Jenrick, the Shadow Justice Secretary and one of the Conservative Party’s rising figures, is under mounting pressure after a leaked recording revealed he described Handsworth as “as close as I’ve come to a slum in this country” and said he “didn’t see another white face” during a 90-minute visit earlier this year.
The comments, first reported by The Guardian, have reignited Britain’s long-simmering debate over race, class, and integration, and exposed a widening rift within the Conservative Party over how to speak about multiculturalism in post-Brexit Britain. Furthermore, this is a clear illustration of the conservative party’s disconnect from multicultural communities and their concerns.
“He Came Here to Film Rubbish, Not to Listen”
Jenrick’s remarks were made at a Conservative Association dinner in Aldridge-Brownhills in March, shortly after filming a social media video about Birmingham’s bin strike. His footage, showing littered streets, was meant to criticise Labour-run Birmingham City Council, then mired in financial crisis and industrial disputes.
But for Handsworth residents, the MP’s description of their area as a “slum” was seen as an insult rather than an observation.
“He came here to film rubbish, not to listen to people,” said Aisha Rafiq, who runs a youth centre off Grove Lane. “If he’d stayed longer, he’d have seen the Caribbean bakery across the road, the gurdwara down the street, the mosque that runs food drives every week. This community looks after itself when the government doesn’t.”
In Handsworth’s busy Soho Road, where halal butchers stand next to Caribbean takeaways and Indian jewellery shops, many residents said Jenrick’s words felt like a deliberate provocation.

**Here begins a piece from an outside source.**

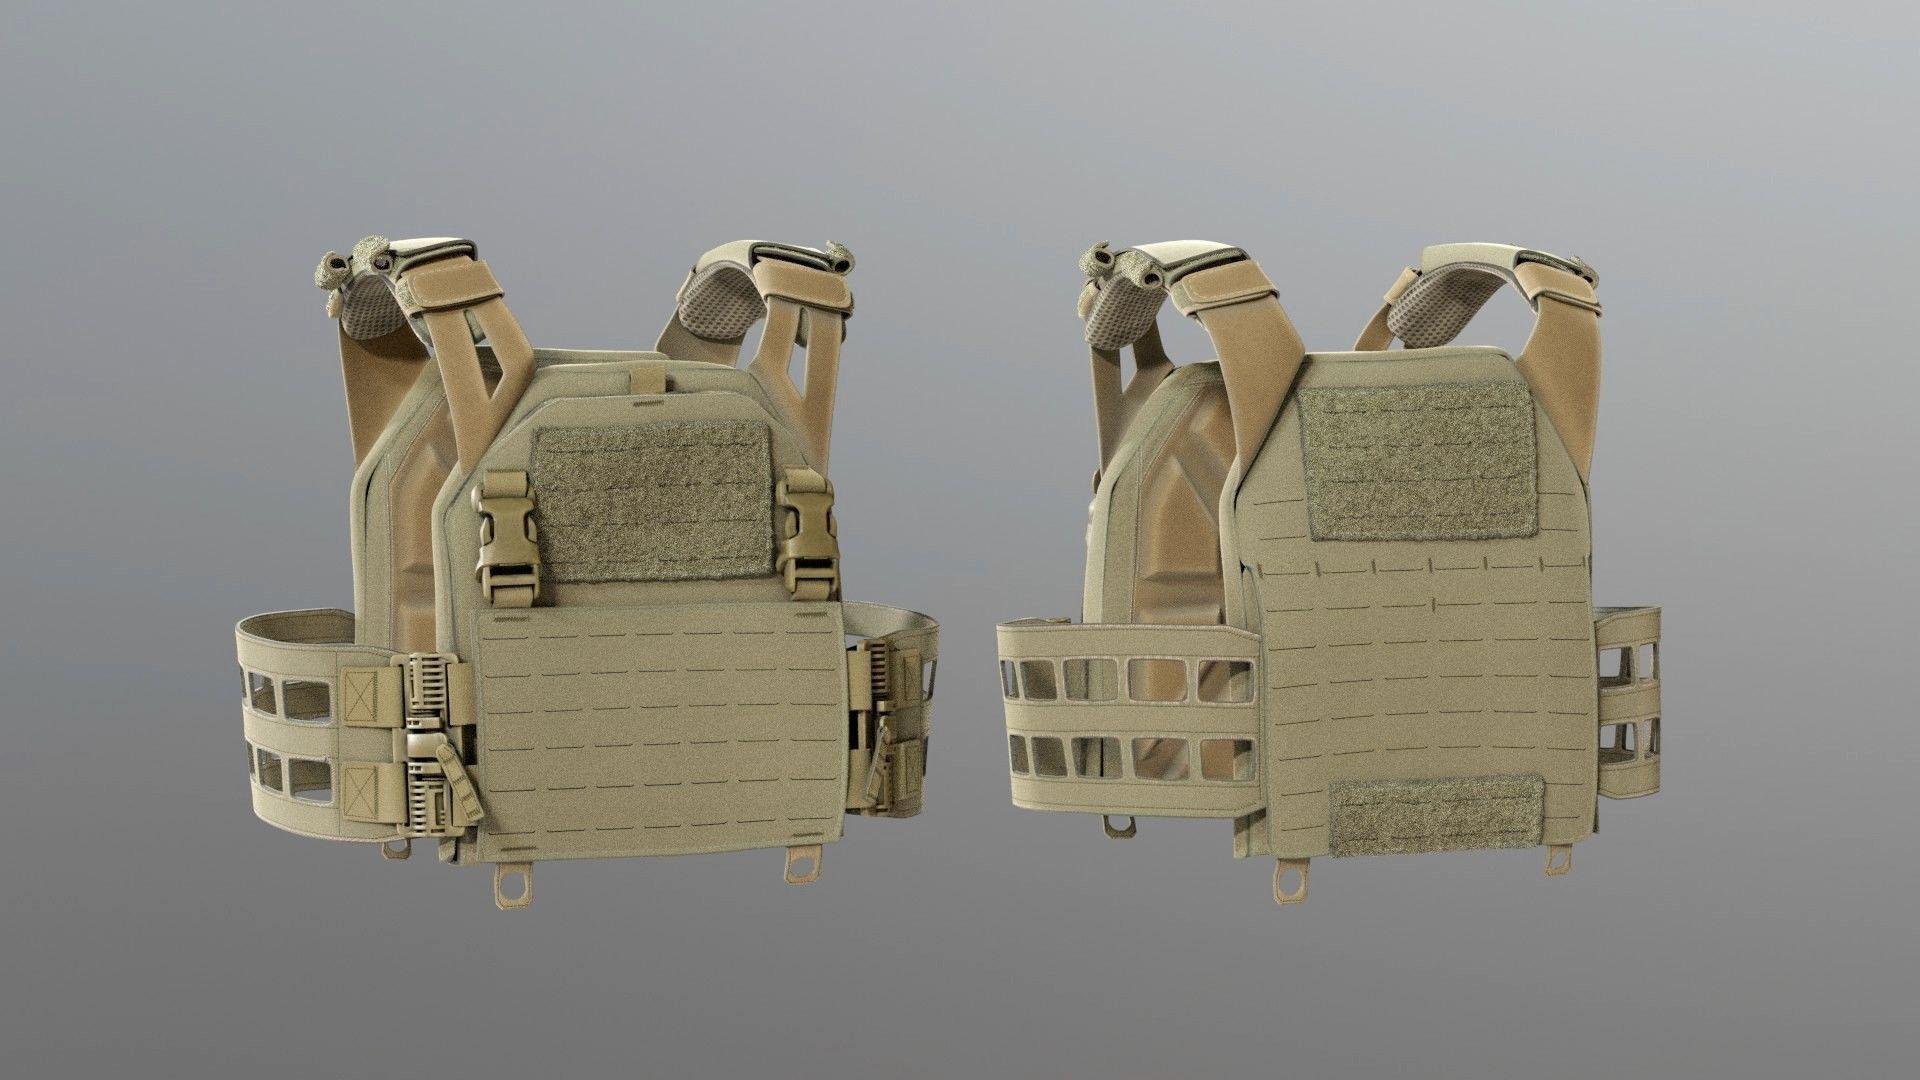 SOLDIER Bulletproof Vest 05

“Calling us a slum? That’s outrageous,” said Gurpreet Singh, who manages a local convenience store. “We’ve had Conservative politicians ignore this area for years, and now they suddenly care, but only to insult us. It’s like they need to show voters they’re tough on multiculturalism.”
“If there are problems here, they come from neglect, not colour,” added Leanne Gordon, a social worker whose family has lived in Handsworth since the 1970s. “Our schools are underfunded, youth services are gone, and bins go uncollected. Don’t blame integration for poverty.”

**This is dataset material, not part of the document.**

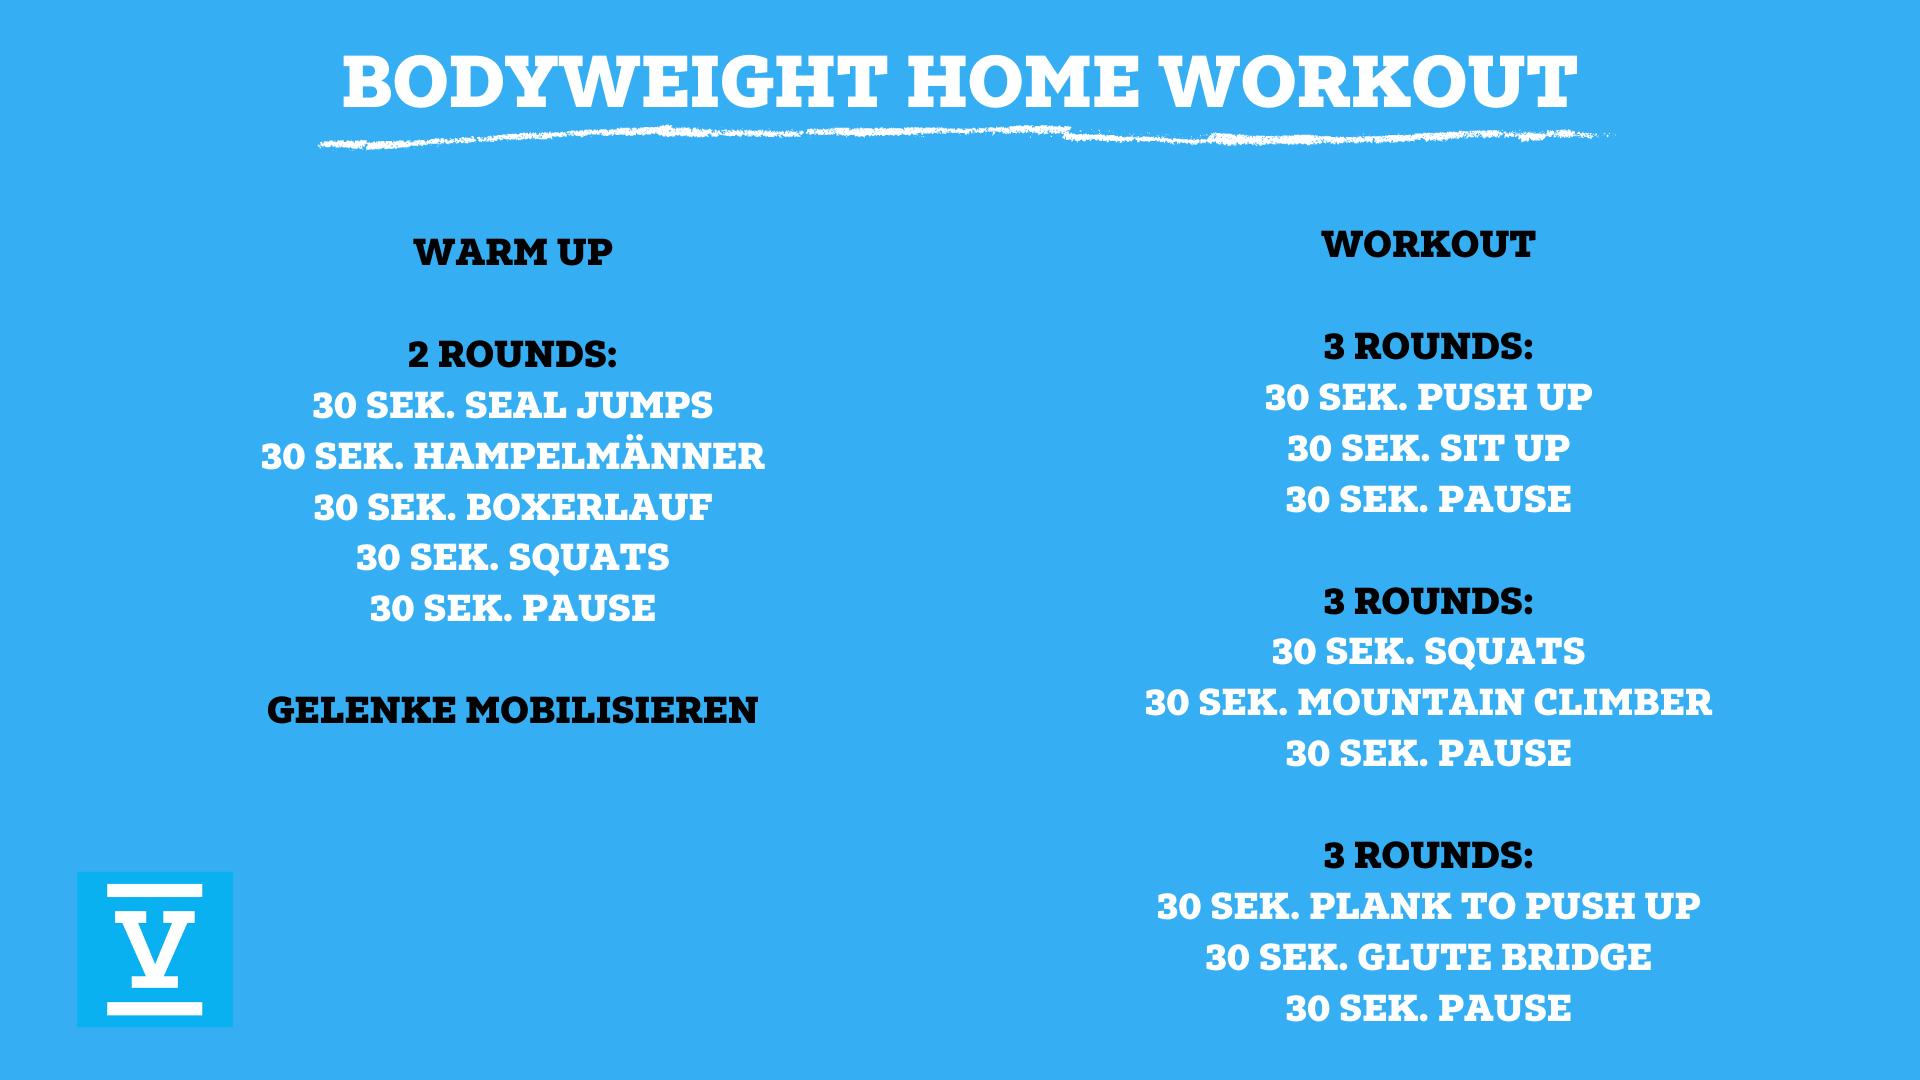 Bodyweight Home Workout

Faith Leaders And Officials Push Back:
The Right Reverend Michael Volland, Bishop of Birmingham, wrote directly to Jenrick, warning that his words risked “stirring up division” and “feeding the fire of toxic nationalism.”
“Your comments have the potential to cause deep harm and anxiety,” he said. “They misrepresent the communities that make Birmingham what it is: resilient, diverse, and proud.”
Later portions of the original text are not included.